» DATA FOR ANALYSIS:
-=-=-
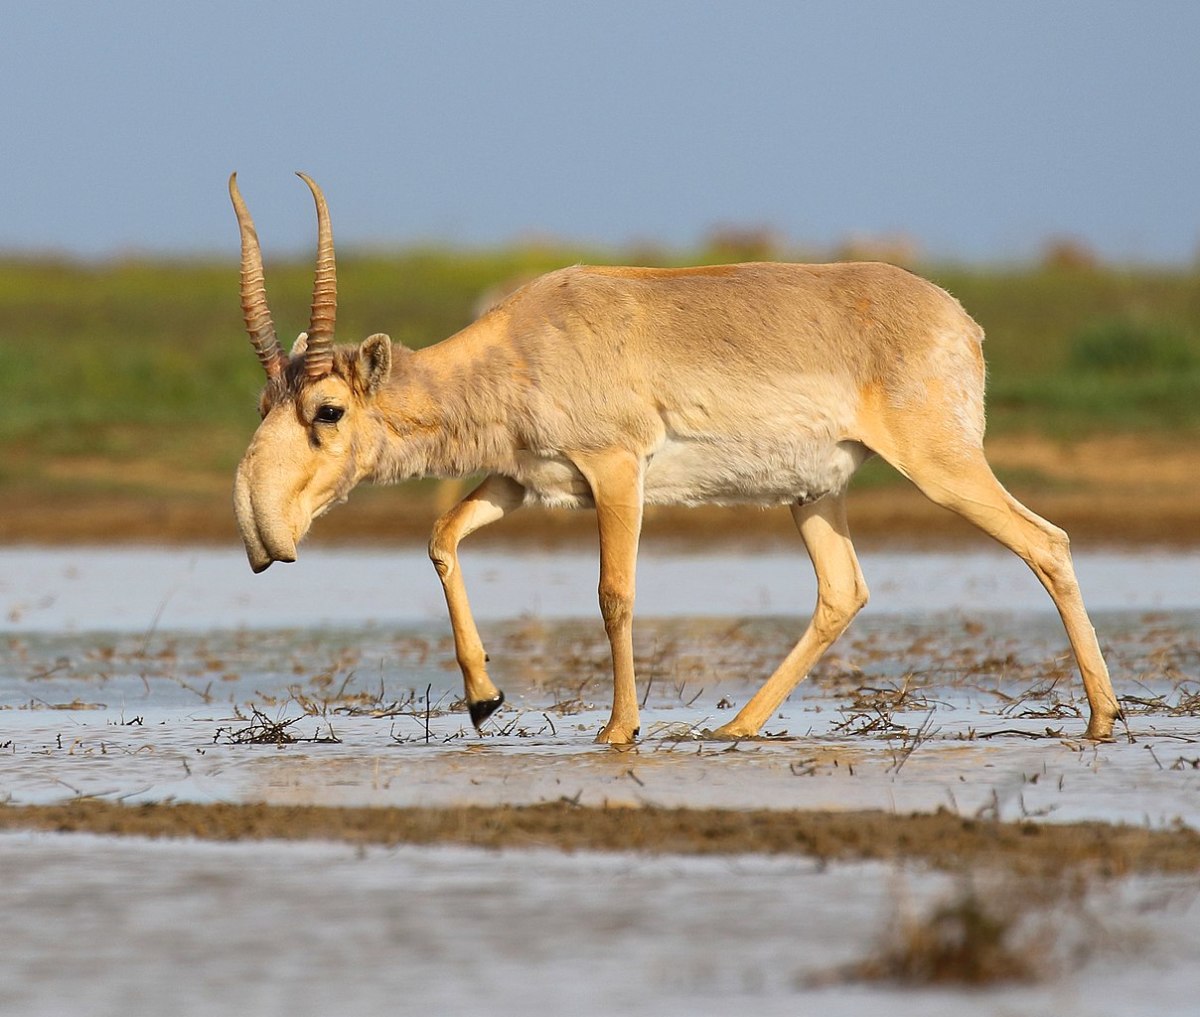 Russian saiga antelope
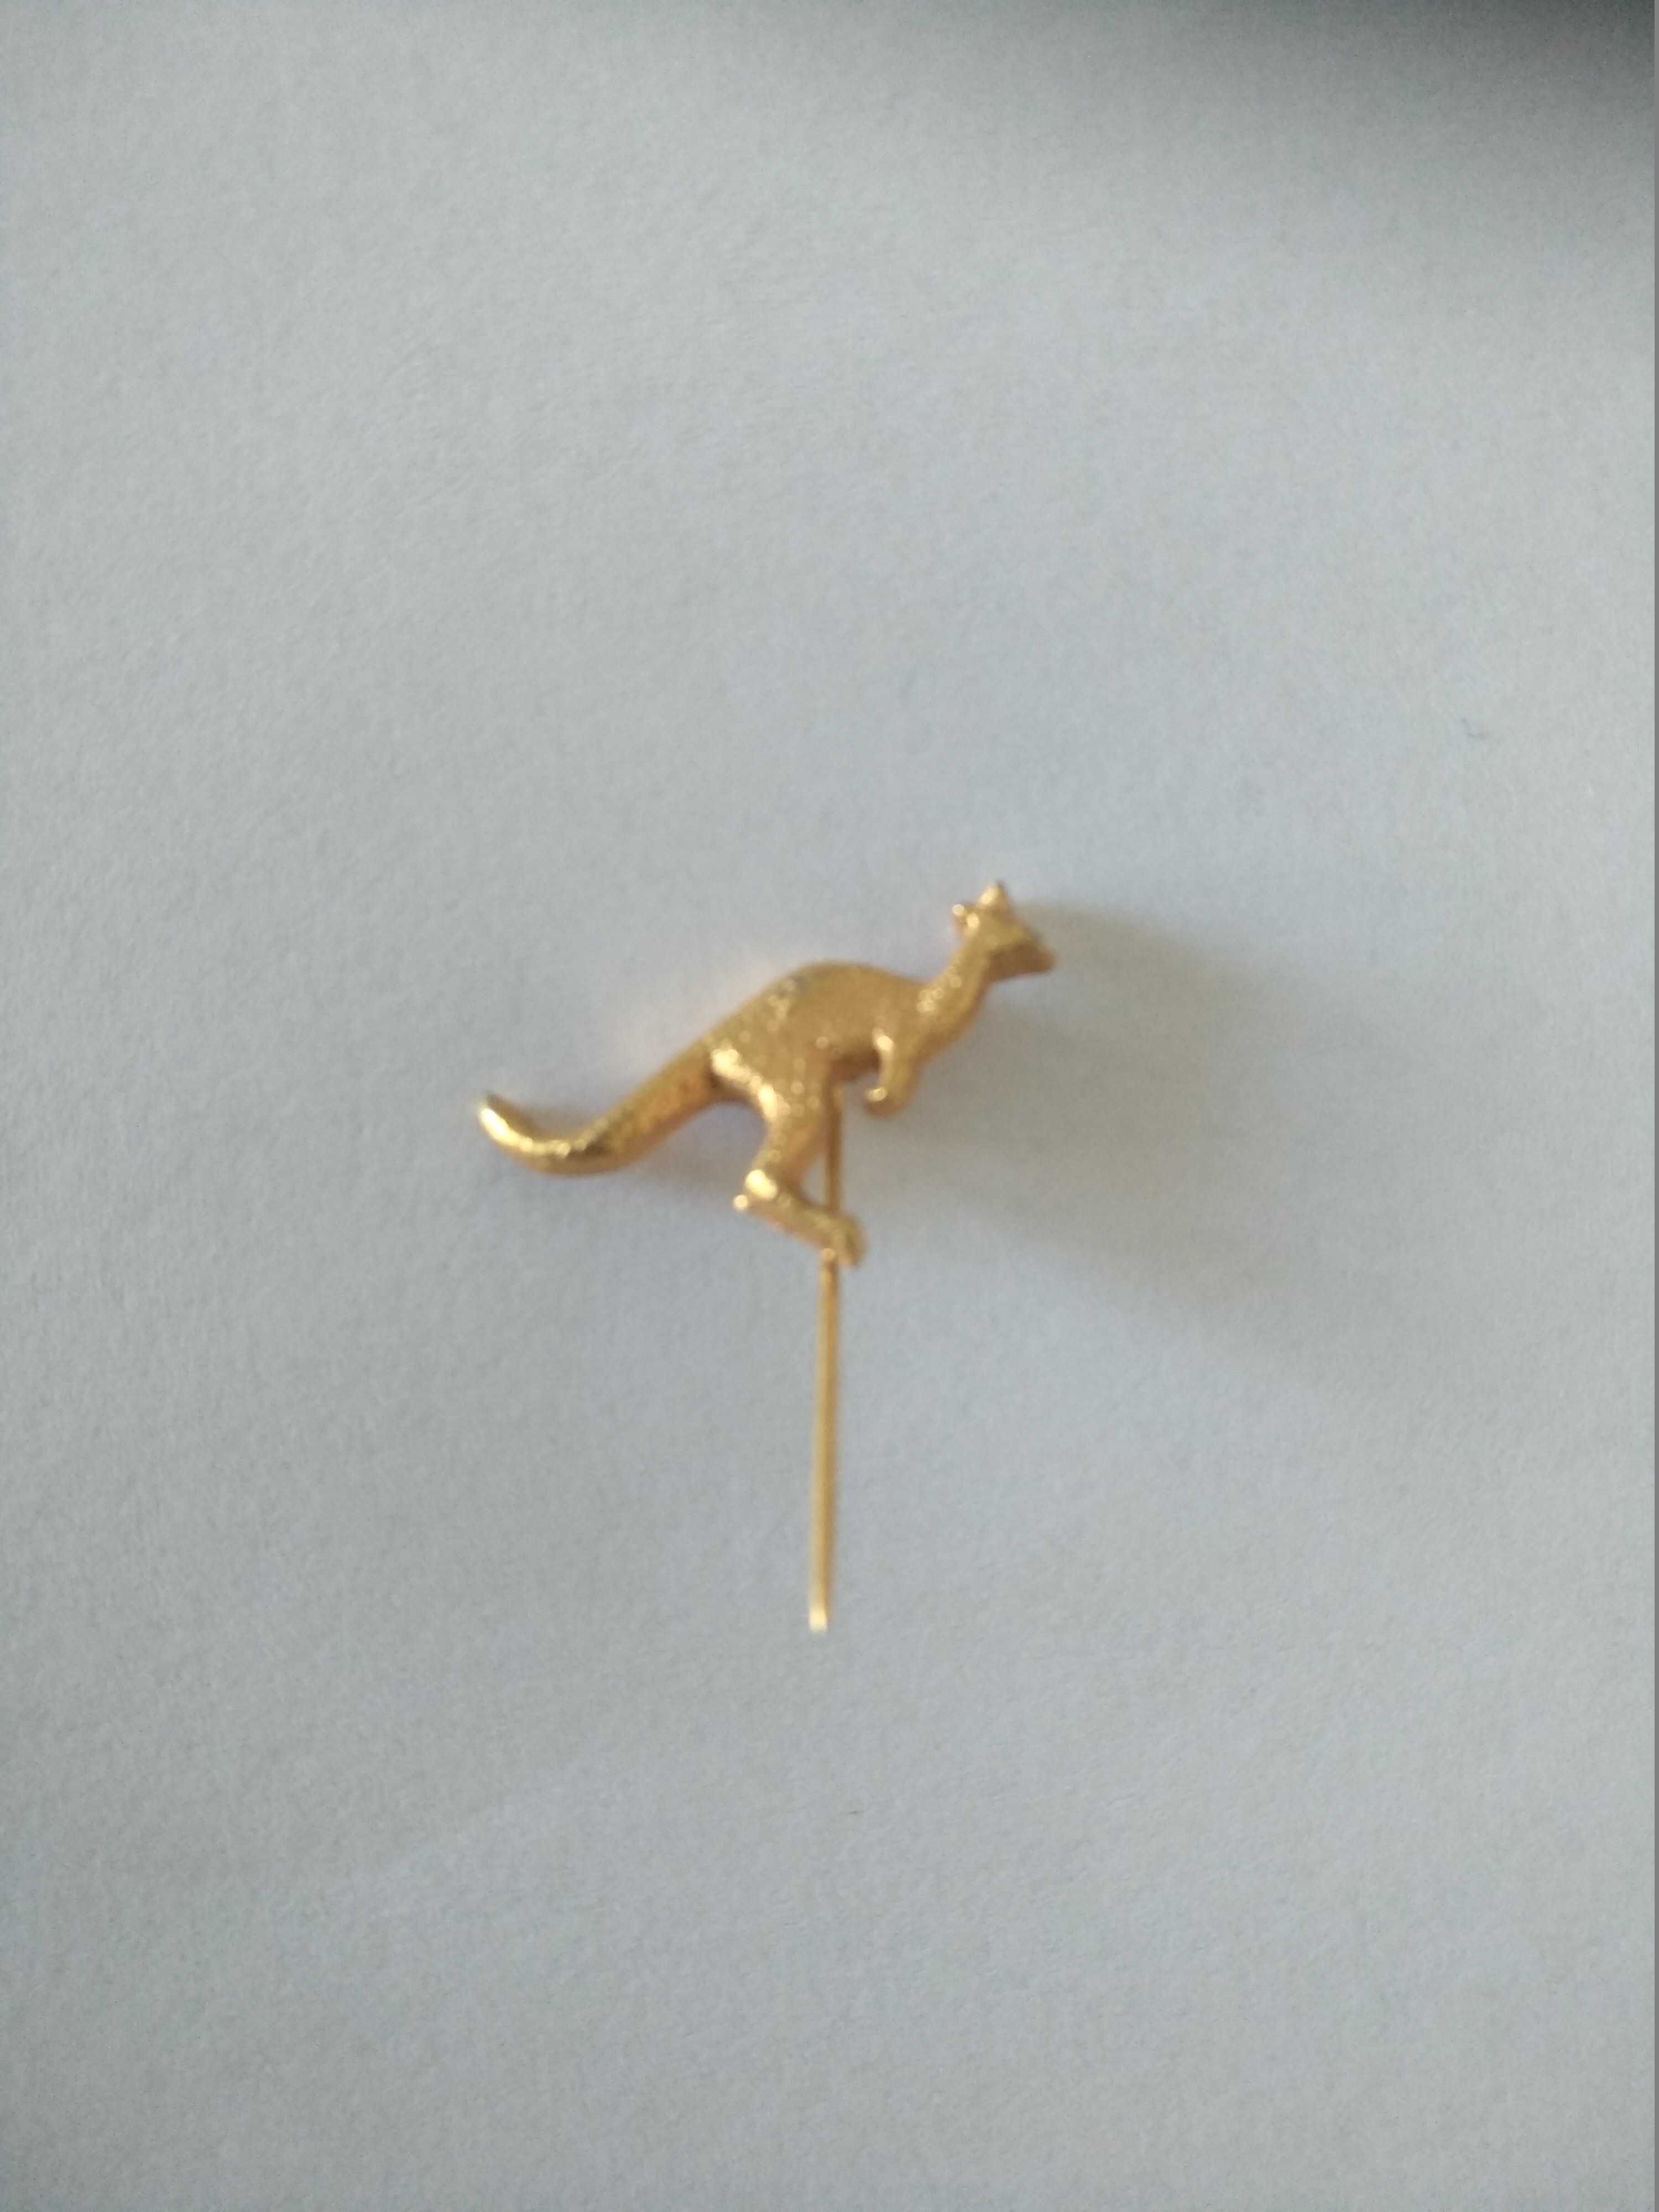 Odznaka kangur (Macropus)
-=-=-
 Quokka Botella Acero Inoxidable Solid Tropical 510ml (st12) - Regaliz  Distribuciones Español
-=-=-
» WORK INSTRUCTIONS: With the pictures omitted, restate word for word the lines above from the line that has "Russian saiga antelope" up to and including the line that has "Odznaka kangur (Macropus)", and no other lines.

» RESULT FOR THIS TASK:
 Russian saiga antelope
 Odznaka kangur (Macropus)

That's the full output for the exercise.